- [AIM OF THE TASK] Using the data that follows, give again word for word the lines between the one holding "もうひとつの奥にあるお部屋は" and the one holding "LOFT светильник белый на 4 плафона", inclusive. Omit the pictures.

- [DATA PROVIDED]
---
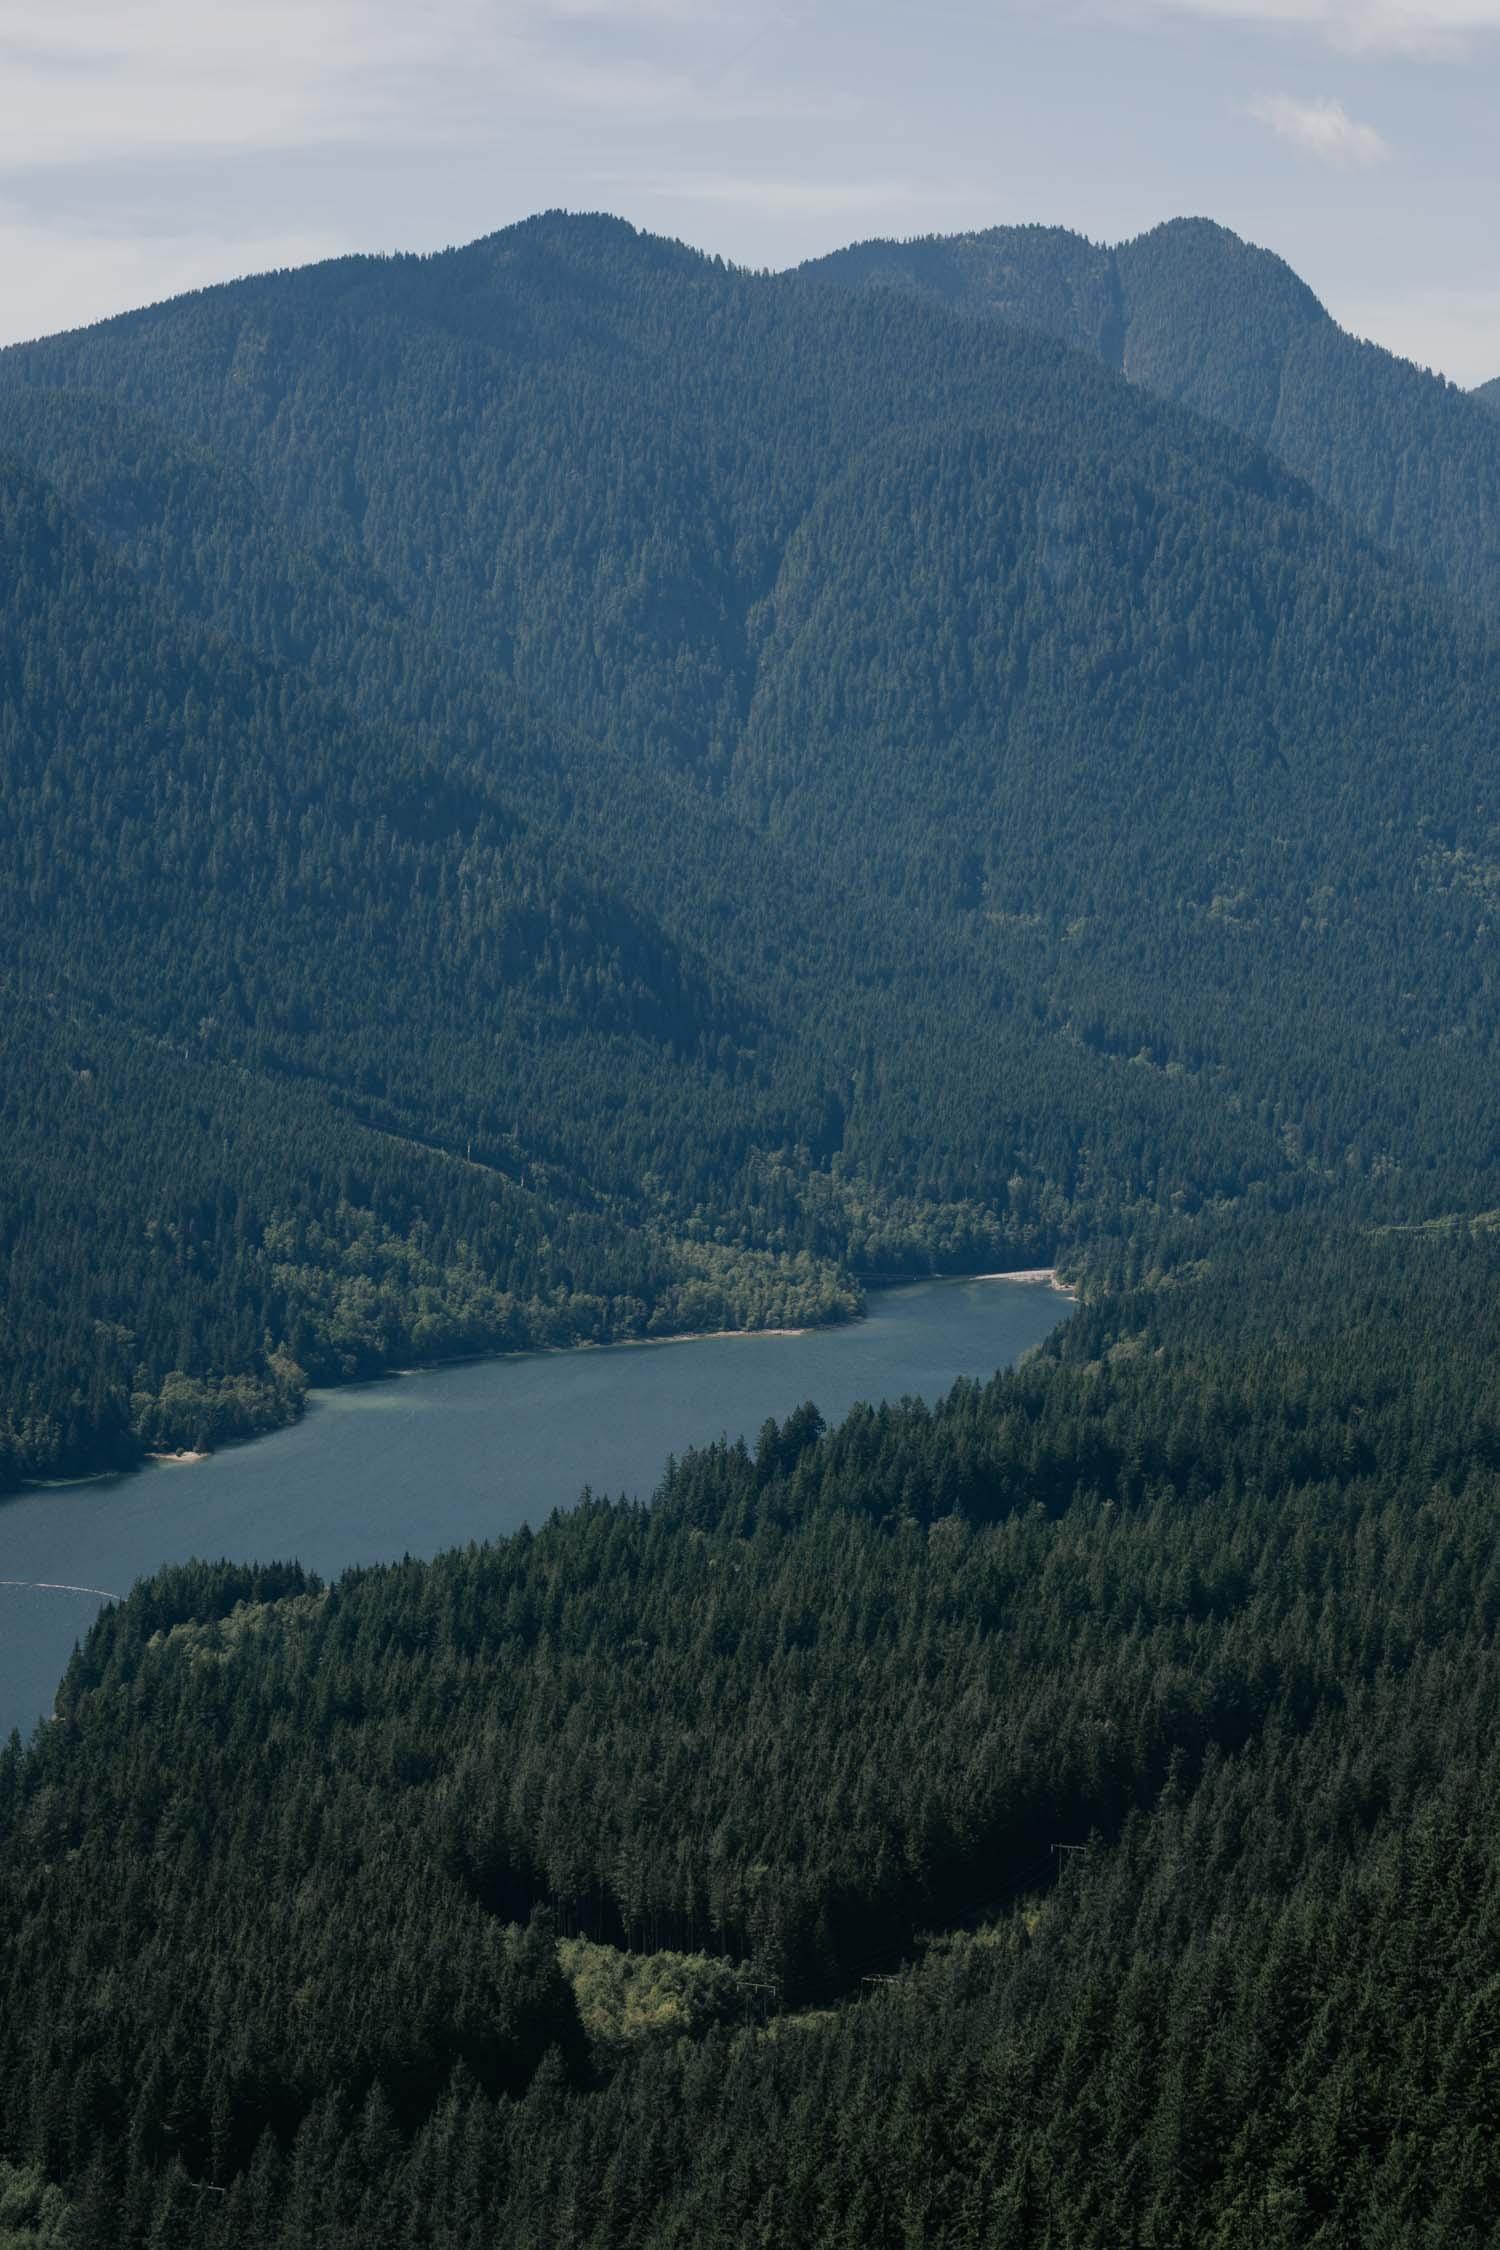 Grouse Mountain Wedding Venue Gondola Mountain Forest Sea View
---
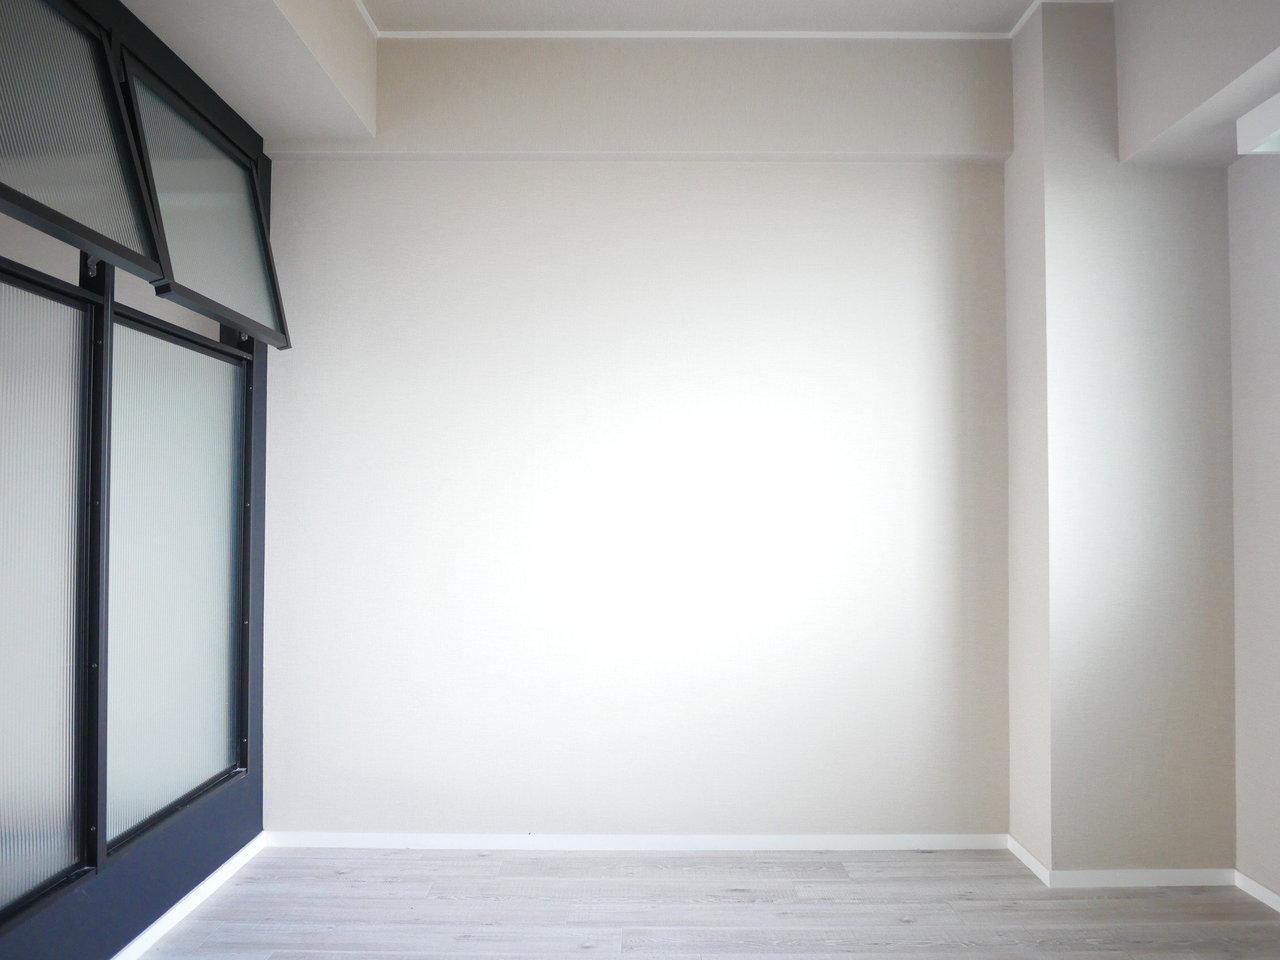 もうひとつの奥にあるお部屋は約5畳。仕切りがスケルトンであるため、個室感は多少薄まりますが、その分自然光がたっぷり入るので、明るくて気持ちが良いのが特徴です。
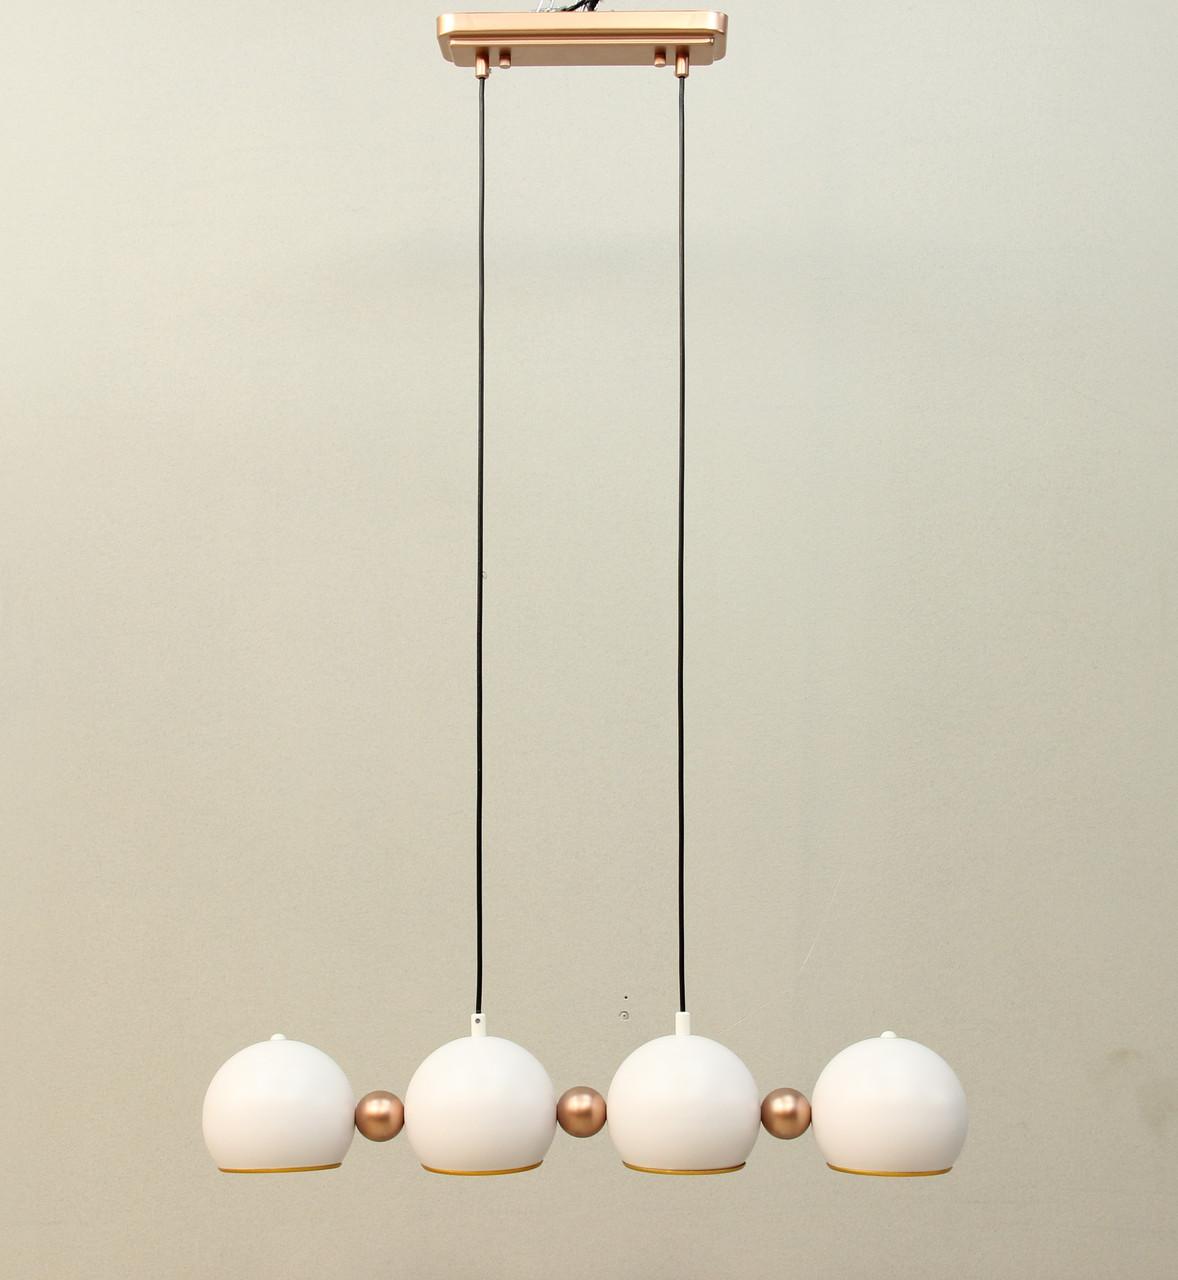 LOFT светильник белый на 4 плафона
---
- [RESULT]
 もうひとつの奥にあるお部屋は約5畳。仕切りがスケルトンであるため、個室感は多少薄まりますが、その分自然光がたっぷり入るので、明るくて気持ちが良いのが特徴です。
 LOFT светильник белый на 4 плафона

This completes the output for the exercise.